Questions for Mike Lindell
Before publication of this article we reached out to Mike Lindell by email and asked him if, to his knowledge, he directly got any of his data from Dennis L. Montgomery, Patrick Bryrne, David Martin, blxware.org or electionrecords.com. He told us by email he didn't and said he only recognized two names in the list. He claimed "my information is unique and involves other sources. Whistleblowers and white hat hackers employed by the government and the private sector."
All of the above raises several questions for Lindell. But before we get to that, I want to make one thing clear because Lindell and his co-hosts on Frank Speech seem to be very sensitive on this point:
None of the above is in any way, shape or form a Lead Stories endorsement, defense or praise for China, the Chinese Communist Party, communism or the Soviet Union. Communist regimes in general have terrible records when it comes to democracy, press freedom and human rights. They have falsified history, imprisoned fact-checkers and shot journalists. We endorse none of that. Our co-founder Alan Duke volunteered to join the U.S. Army, which at that time was fighting Communists in Vietnam. Duke was only prevented from joining that fight because the war ended before he could complete his military training.
We agree there definitely is real historical evidence of China or Communists doing terrible things. However the data discussed in this article is not it.
With that out of the way:
- If, after all that, you still believe our fact check is ideologically motivated, how do you explain The Gateway Pundit coming to the same conclusion (archived here and here) using the very same expert they used to verify the Hunter Biden laptop? Or these people on the forum of Steve Bannon's podcast?
- How much vetting was really done on Fanning and Jones?
- Is any vetting of Montgomery in the cards?

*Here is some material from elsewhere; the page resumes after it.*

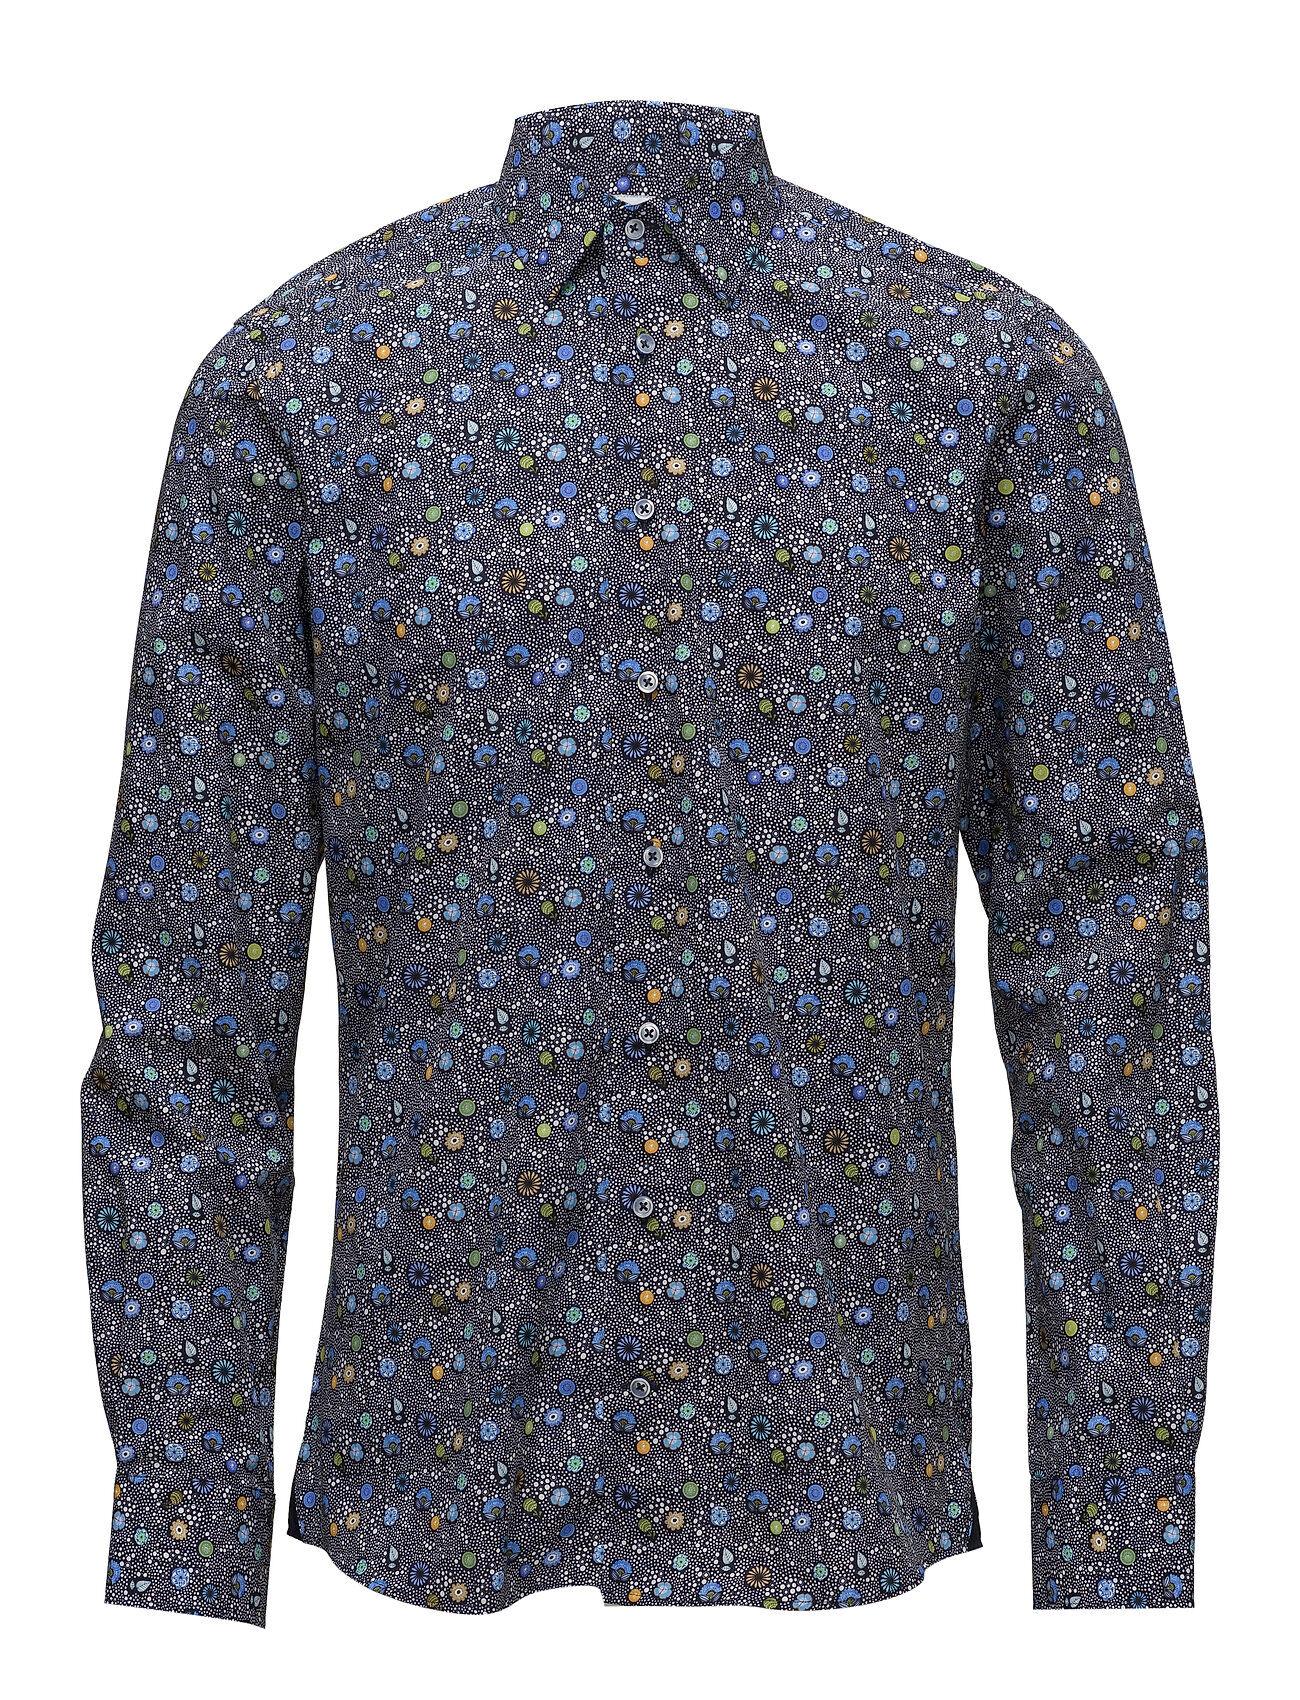 XO Shirtmaker by Sand Copenhagen 8068 - Gordon Sc

If not, why not?
- If the data came from unnamed "whistleblowers and white hat hackers" that were not in the list Lead Stories asked you about, does that mean Fanning and Jones were wrong when they repeatedly wrote it came from Montgomery?
- Why do you think Fanning did not mention Montgomery in your movies, but can't seem to stop writing about him on her own site?
- When discussing our article about "Absolute Interference" during the livestream on frankspeech.com you and Douglas Frank swatted aside our question of how all the hacking and vote stealing/flipping/injecting could also alter the paper ballots that were recounted several times (including by hand) in two states, by saying "it's more complicated than that." We are still waiting for that very complicated answer.
- Do you think there are people who have a financial or other interest in keeping you in the dark about the real nature of these time-stamped files and animations?